Its been a bad week- at this point I'd just say 'screw it' and give up, but Im going to soldier on and hope If i make some improvements, eat more sensibly and get some excercise done i'll see a nice loss next week to make up for it. I'll try and write on this blog more

SO here's to a better week!
 
WOW.. I could probably have handled 0.5lb gain, but 1.5lb..er no.

Sorry to hear about the gain - you'll have it off in no time:) Well done for drawing a line under it :)

Would you recommend Carmen Electra's DVD? And the SCD one?
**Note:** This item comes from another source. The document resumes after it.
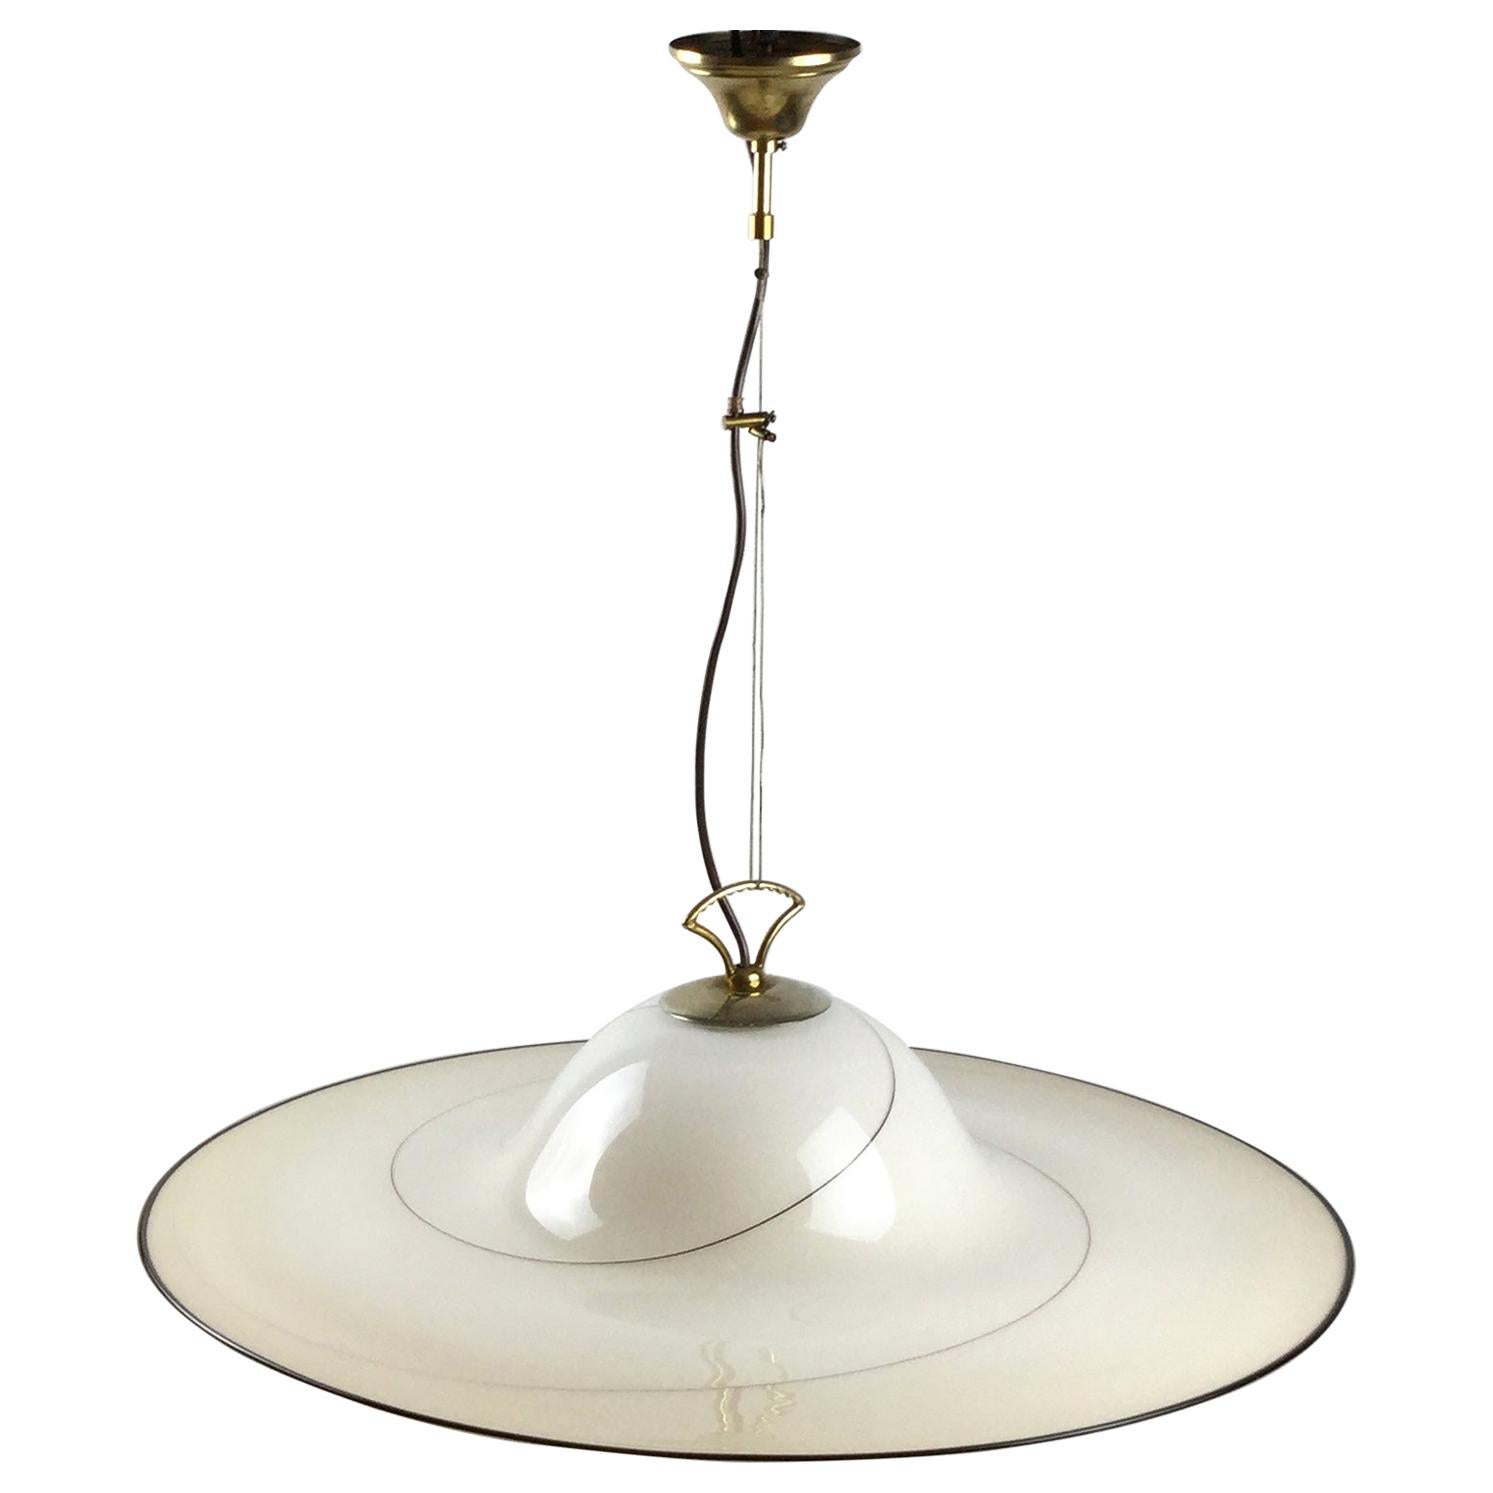 1980s Murano Italian Glass Pendant Lamp Attributed to Seguso Vetri d'Arte

I want some new workout DVDs - might have to look these up:)
 
Sorry to hear about the gain - you'll have it off in no time:) Well done for drawing a line under it :)

Would you recommend Carmen Electra's DVD? And the SCD one? I want some new workout DVDs - might have to look these up:)


I'd reccomend the carmen electras one, although the workouts are short and I can't see myself coming back to do them once ive mastered a routine. The SCD ones are SO confusing, the steps etc- I could do the warm up but that was it!!!